This study addresses energy-efficient accelerator design for SoCs, systematically comparing operation-centric coarse-grained reconfigurable arrays (CGRA) and iteration-centric tensor processing arrays (TCPA) in mapping and executing nested loops. We propose, for the first time, a unified modeling framework evaluating four key dimensions: loop mapping granularity, data reuse potential, control overhead, and scalability. Our methodology integrates RTL-level modeling, polyhedral compilation, loop tiling analysis, communication complexity modeling, and cycle-accurate simulation. Experimental results demonstrate that TCPA achieves, on average, 37% lower dynamic power consumption, a 2.1× improvement in energy efficiency, and a 42% reduction in on-chip network traffic over CGRA for image processing and linear algebra workloads. These findings highlight the pronounced energy-efficiency advantages of the iteration-centric paradigm—particularly in high-dimensional nested loop scenarios—thereby providing principled insights for next-generation accelerator architecture design.
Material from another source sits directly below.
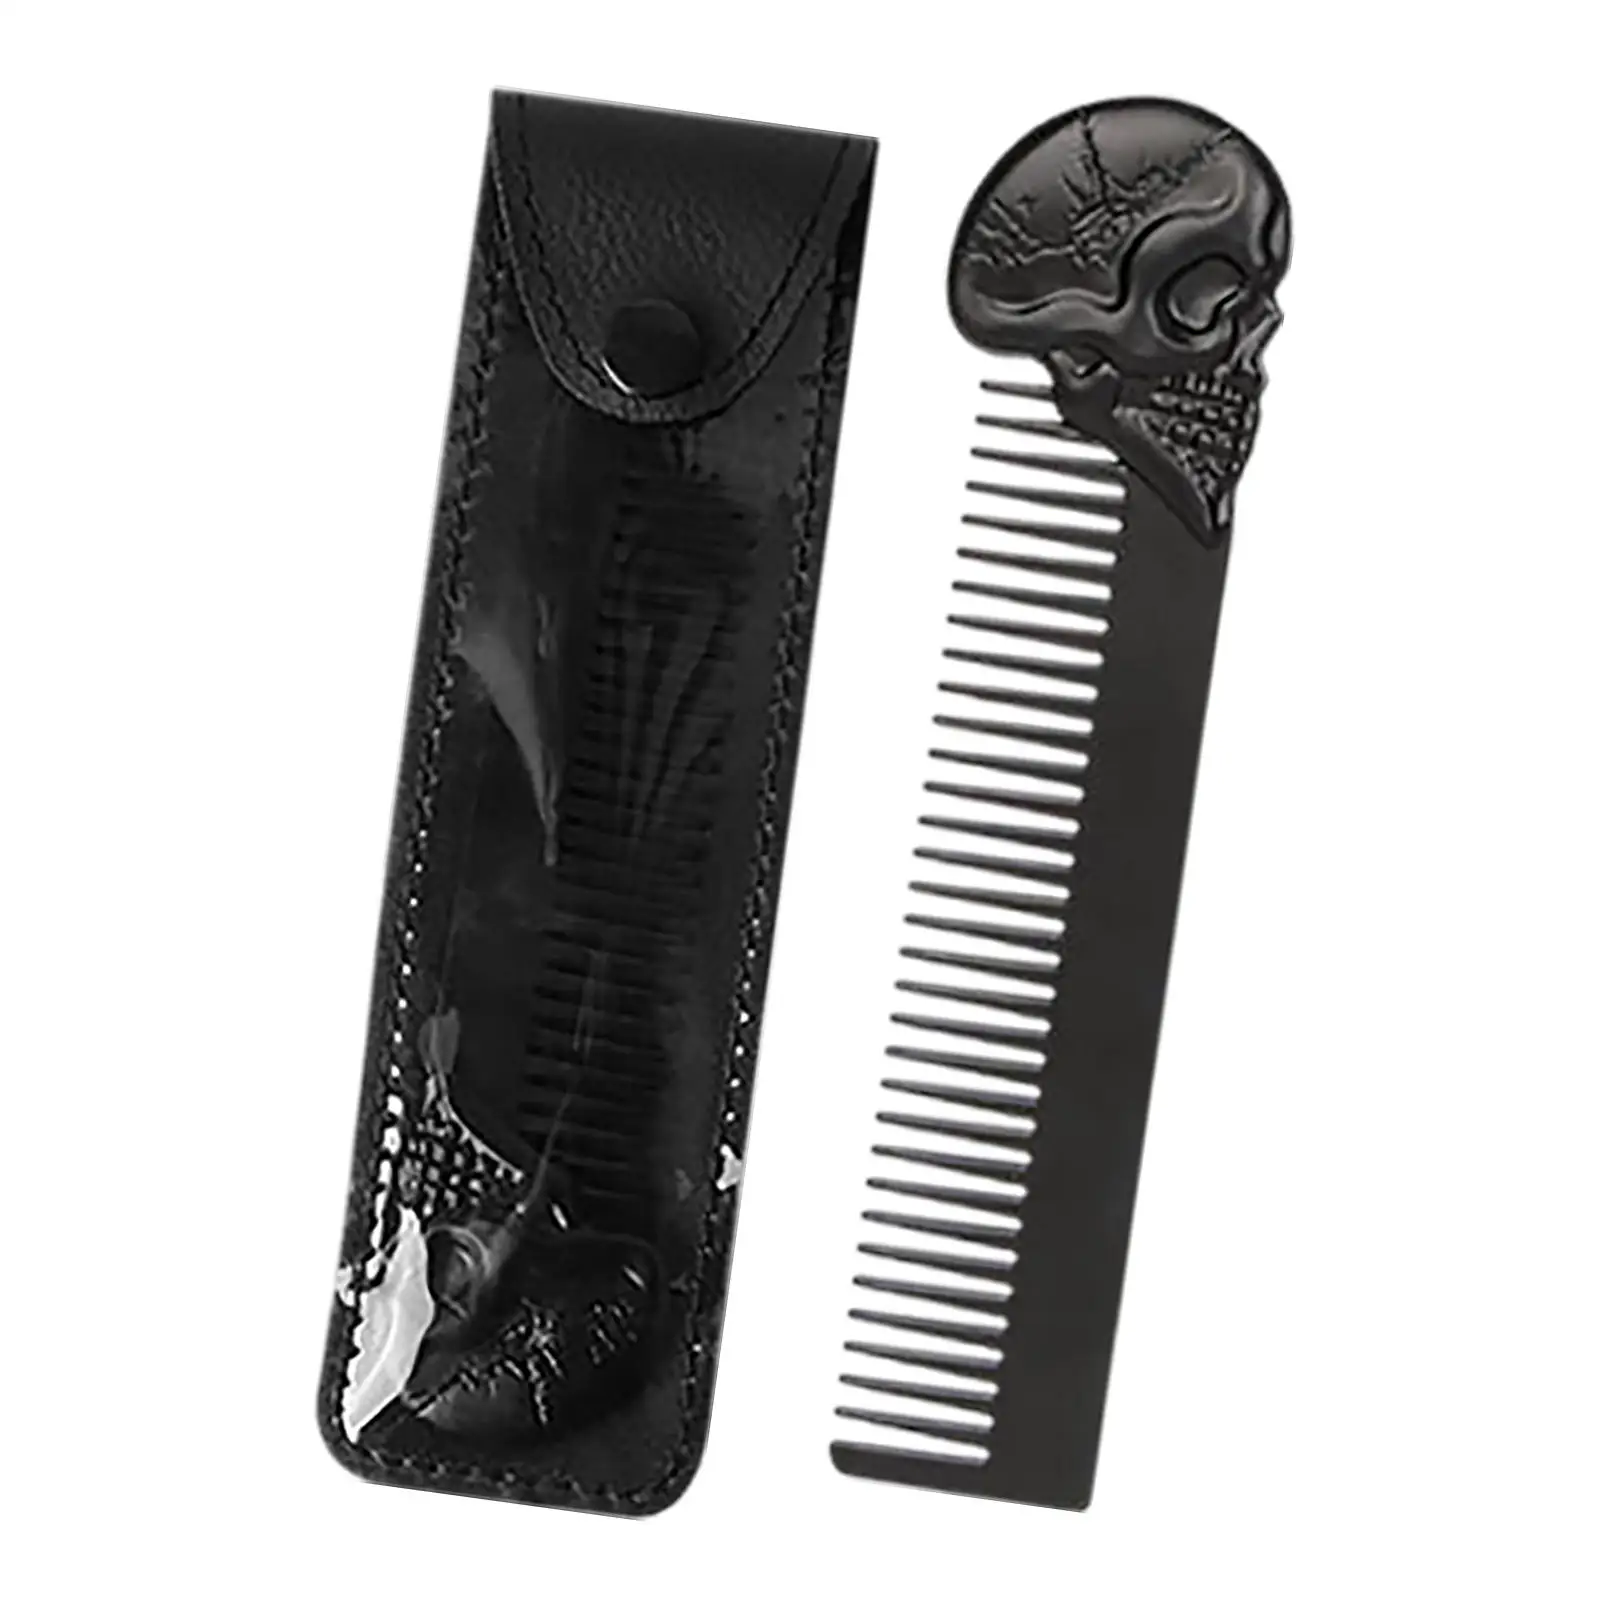   Comb for Men Fine Beard Shaping Alloy Trim Tool Barber
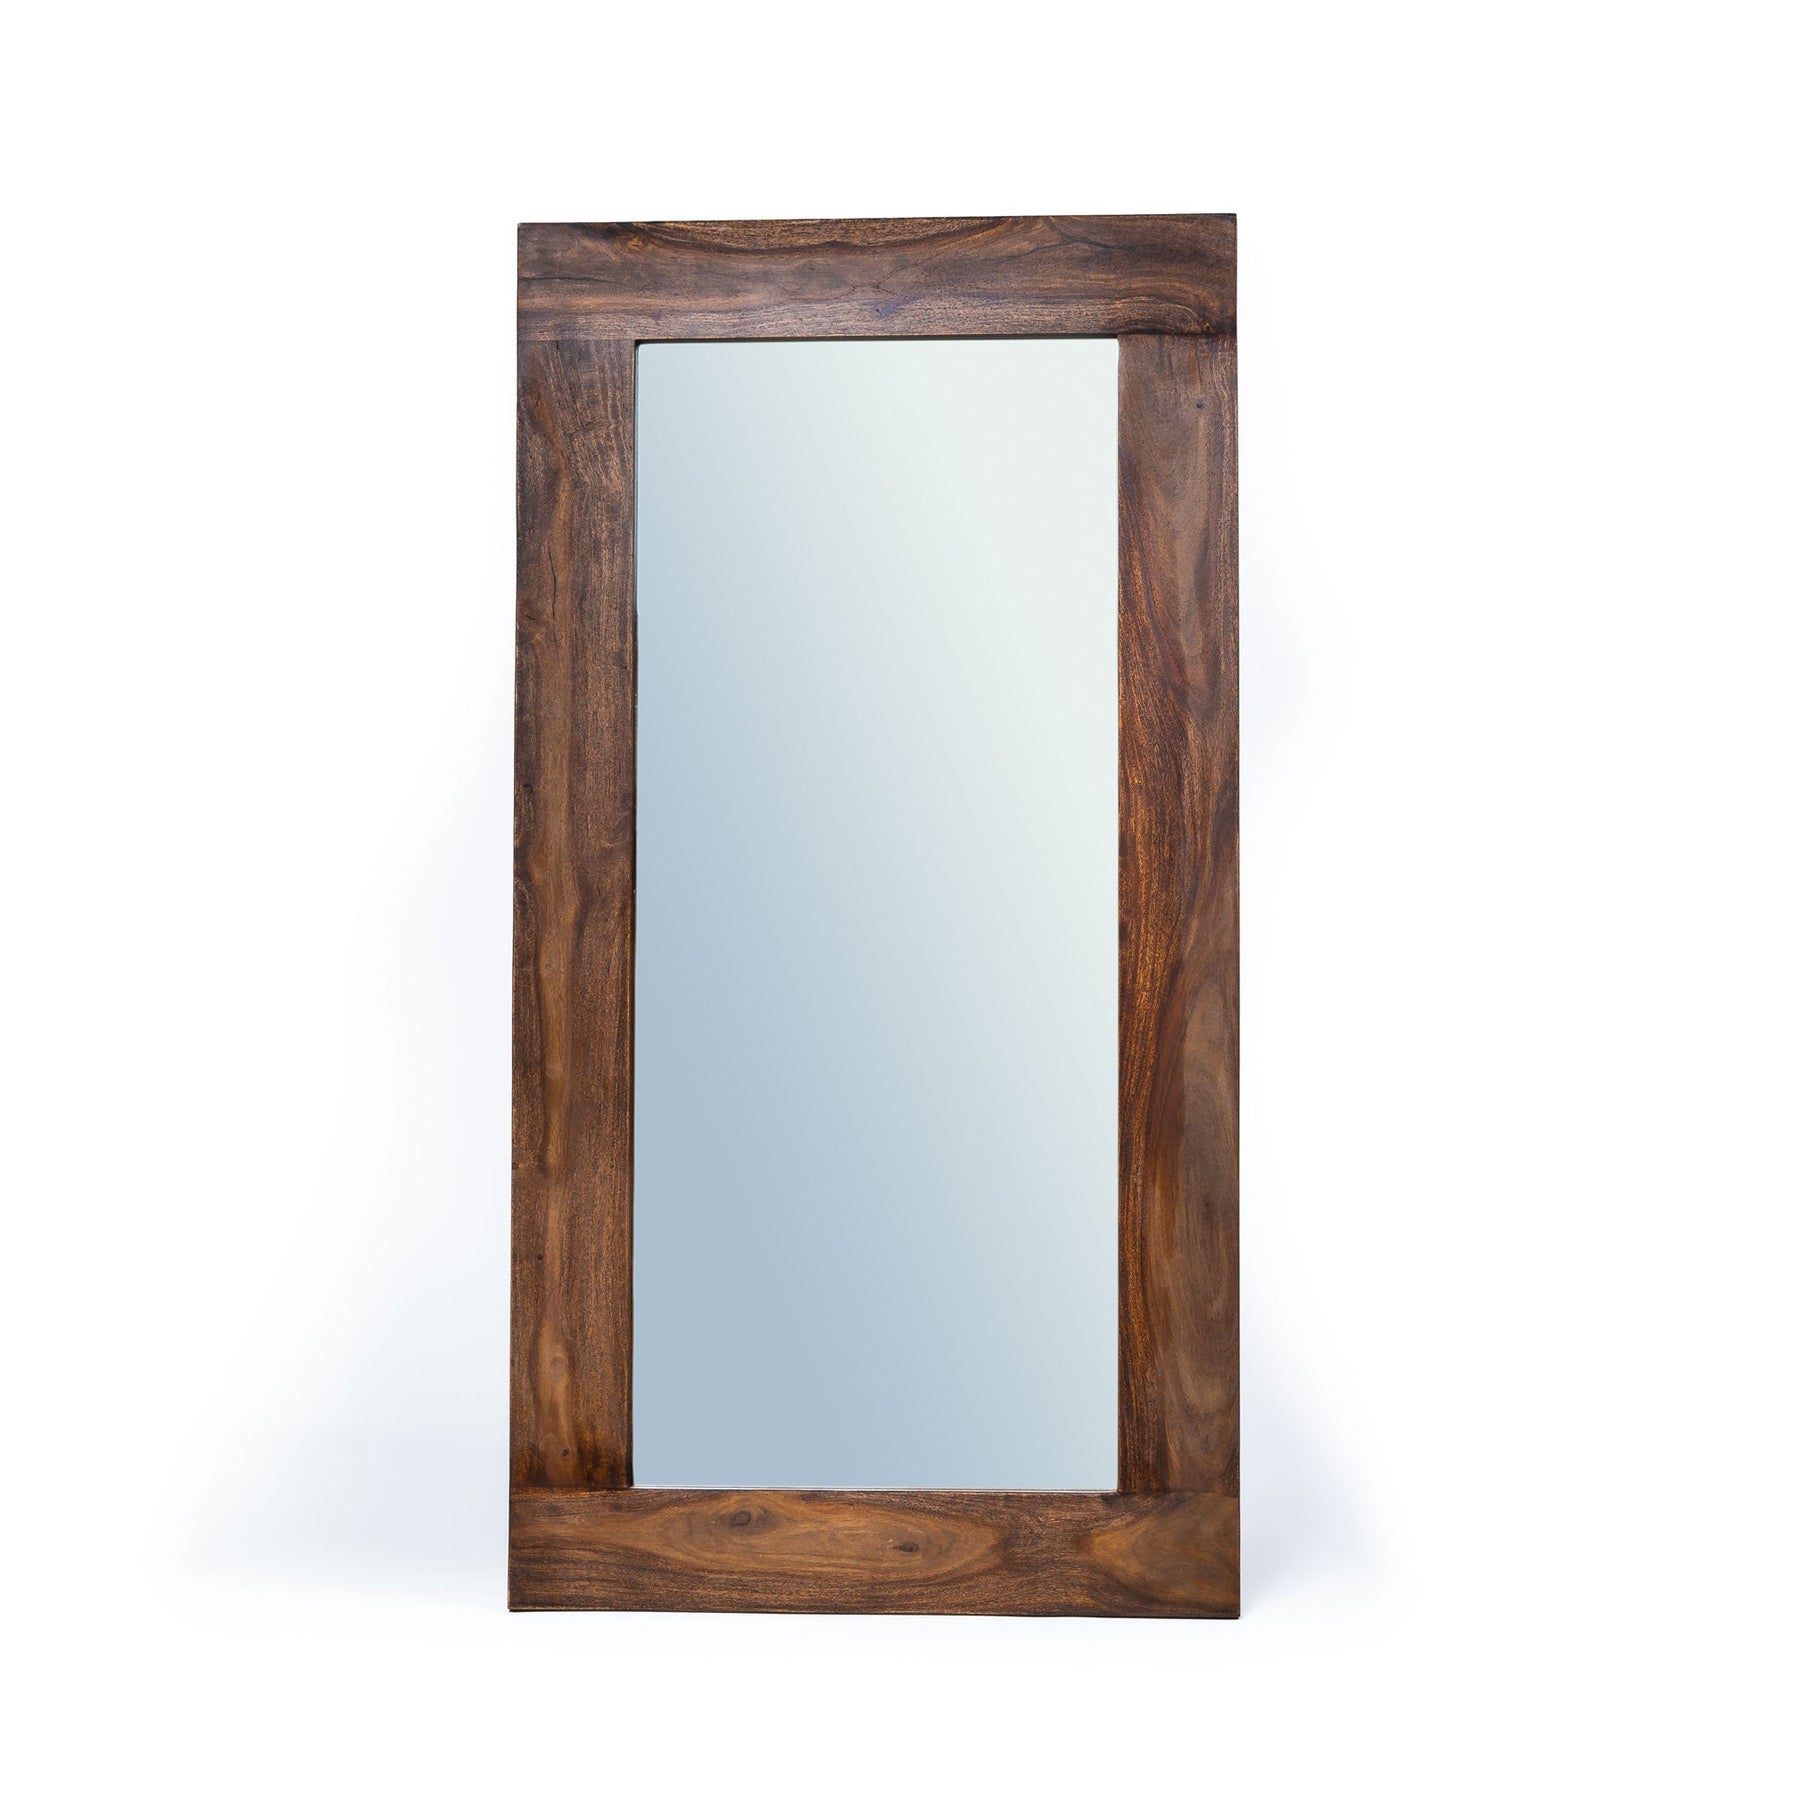 Zen Wall Mirror | Wall Wooden Mirror | Vintage-Look Rectangular Hanging Wall Mirror | 7.6x78x177.8 cm

Increasing demands for computing power also propel the need for energy-efficient SoC accelerator architectures. One class of such accelerators are so-called processor arrays, which typically integrate a two-dimensional mesh of interconnected processing elements~(PEs). Such arrays are specifically designed to accelerate the execution of multidimensional nested loops by exploiting the intrinsic parallelism of loops. Moreover, for mapping a given loop nest application, two opposed mapping methods have emerged: Operation-centric and iteration-centric. Both differ in the granularity of the mapping. The operation-centric approach maps individual operations to the PEs of the array, while the iteration-centric approach maps entire tiles of iterations to each PE. The operation-centric approach is applied predominantly for processor arrays often referred to as Coarse-Grained Reconfigurable Arrays~(CGRAs), while processor arrays supporting an iteration-centric approach are referred to as Tightly-Coupled Processor Arrays~(TCPAs) in the following. This work provides a comprehensive comparison of both approaches and related architectures by evaluating their respective benefits and trade-offs. ...